Students don’t have to travel in order to help those abroad

    From the money I earned working over winter break, and the money I received as a teaching fellow this semester, I am donating $1,414 — the average cost for one student at the College of William and Mary to go on an international service trip during spring break — directly to VillageReach, a highly efficient charity that works to improve the infrastructure in rural Africa. By staying home, I am actually doing good abroad.
    How much good? According to GiveWell, a non-profit committed to evaluating charities not just on their financial efficiency but on their human impact, my donation could be used by an immunization-focused organization like VillageReach to save up to seven lives.

    As GiveWell’s top-rated international charity, VillageReach satisfies all four of GiveWell’s evaluative criteria: demonstrated impact, cost-effectiveness, scalability and transparency. If GiveWell’s evaluation is correct, then I am doing the most good I possibly can with the monetary resources I have. Does this mean people who participate in international service trips are somehow contributing less?

    The ramifications of service trips are difficult to evaluate, and it’s not just because these trips tend to be coordinated by small organizations that lack the means to analyze their own impact, but because much of the good service trips claim to engender can’t be counted simply in terms of lives saved. The good they contribute, it is often claimed, is something less tangible. Service trips have the power to shape attitudes toward poverty and suffering, and to make their participants into caring citizens of the world in whom the seeds of future service are planted.

    But if it’s true that giving to a highly efficient charity does more good — perhaps significantly more — than going on an international service trip, wouldn’t one expect those who have been so motivated by their experiences to eventually come to the point where they just want to do as much good as they can with the resources they have?

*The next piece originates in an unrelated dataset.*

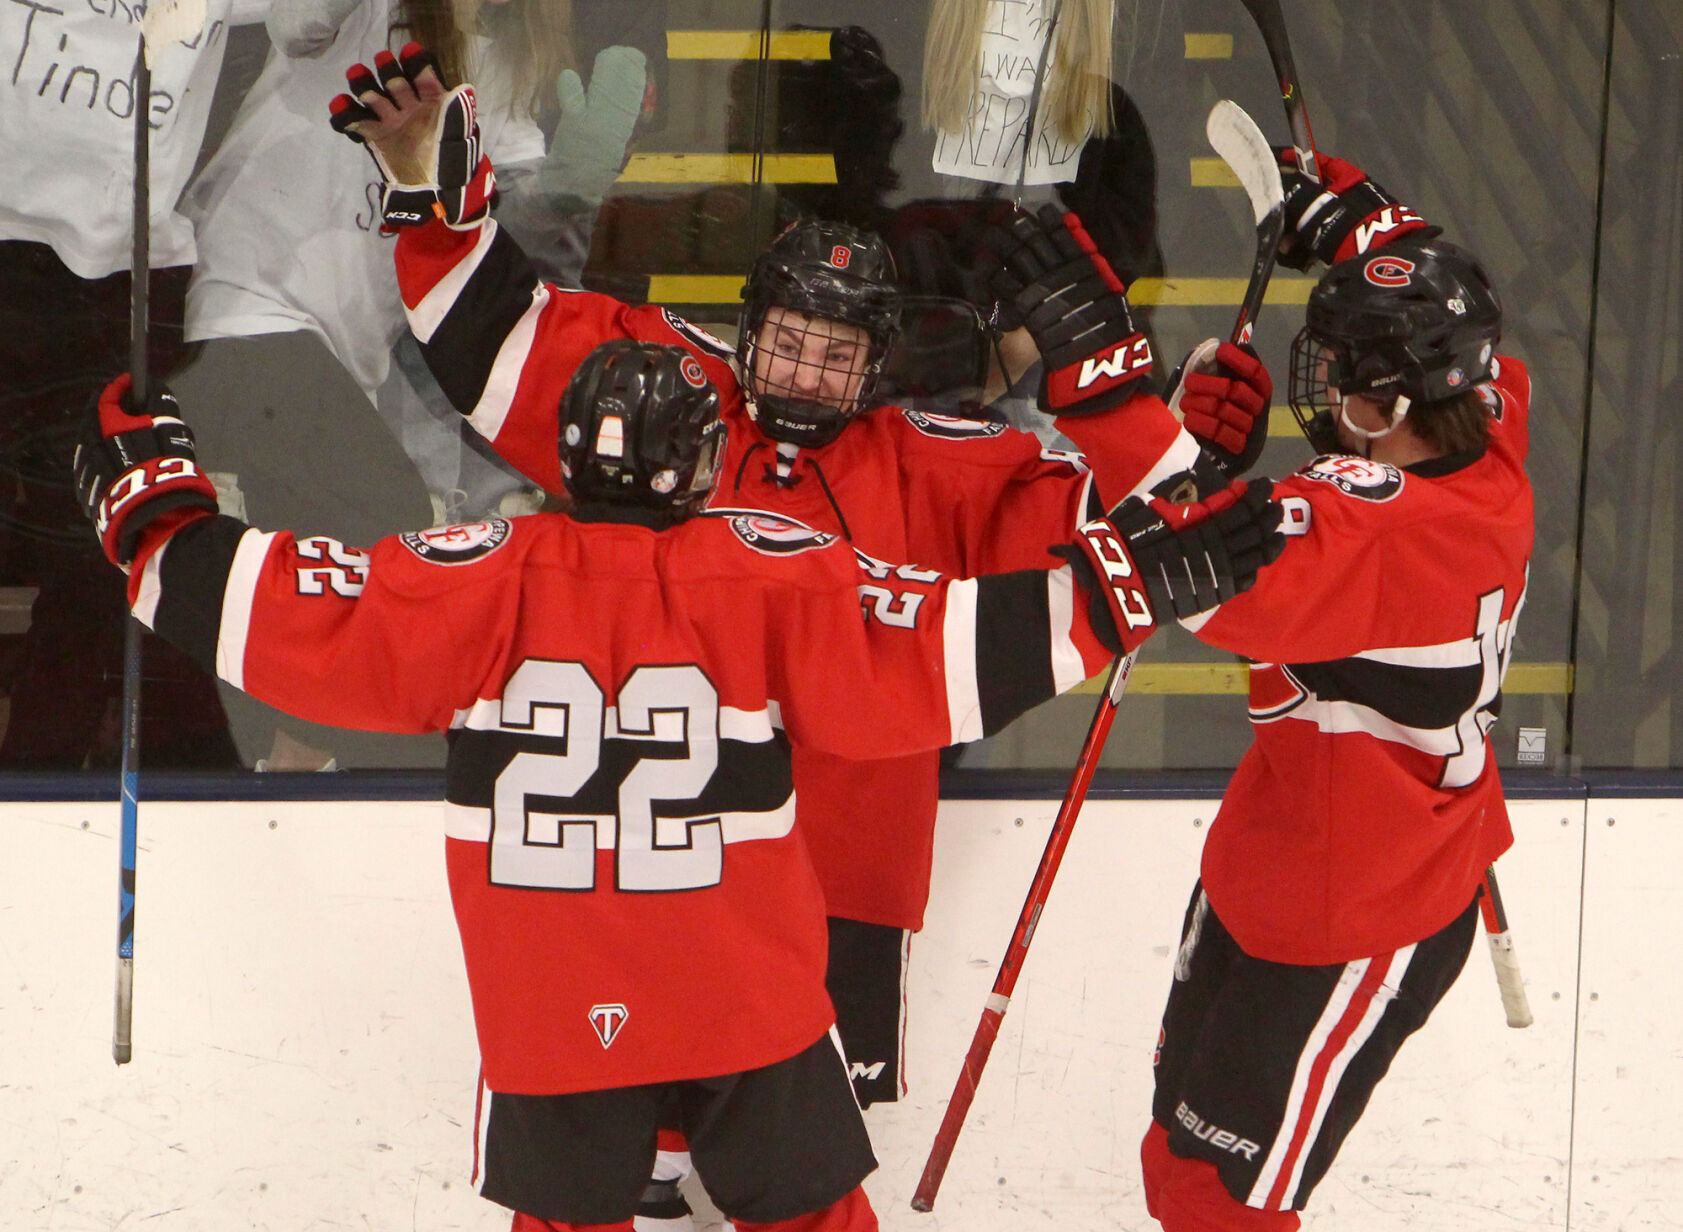 Prep Boys Hockey Division 1 Regionals Bowe, Carlson score late goals to rally Chi-Hi past Eau Claire North and into sectionals

If so, one would expect them to give the money they would spend on a service trip directly to a charity like VillageReach.

    Is this realistic? After all, it’s not like all service trip participants have $1,400 sitting around ready to go — they work really hard all year long trying to raise money through concerts, bake sales and other events to reduce their costs. They do a remarkable job — many end up paying just a few hundred dollars to cover the airplane tickets that take them outside the country.

    But couldn’t these efforts themselves be reoriented directly toward charity? I think they could, but let’s give the benefit of the doubt to service trips and say that they couldn’t. Let’s say that students are only motivated to raise money because they know they will see the fruits of their labors firsthand. In this case, we arrive at a dilemma. We could encourage students to give $300, the price many service trip participants end up paying out of pocket, directly to charity — or we could continue to encourage them to raise $1,400 apiece to go on a service trip. The question becomes: Is more good achieved when $1,400 is spent inefficiently, or when $300 is spent efficiently?

    Three hundred dollars could easily save one life, if given to the correct charity. I simply don’t know how many lives per participant service trips save, if any. I am sure it depends on the service trip. If for every $1,400 spent sending one college student on a service trip, at least one life were saved, then going on that trip could, in fact, be one way to maximize moral good. But accepting this last part requires the assumption once again that it is implausible to expect a college student to be able to raise that money and just give it straight to an efficient charity.

    I hope that in making my donation, I have shown this last assumption to be false. I believe that many College students like myself are already motivated to help the world’s desperately poor, and that this comprises a substantial part of what motivates them when they raise the money for their service trips. For this reason, if what we care about above all is doing good, then we should give to charities that are proven to successfully help those they aim to help, do so in a cost-effective manner, have potential for productive growth, and make their records available for those who ask to see them.

    Some service trips may satisfy these criteria, but no one knows. Until they do, I feel better placing my money elsewhere. After all, this is a matter of life and death.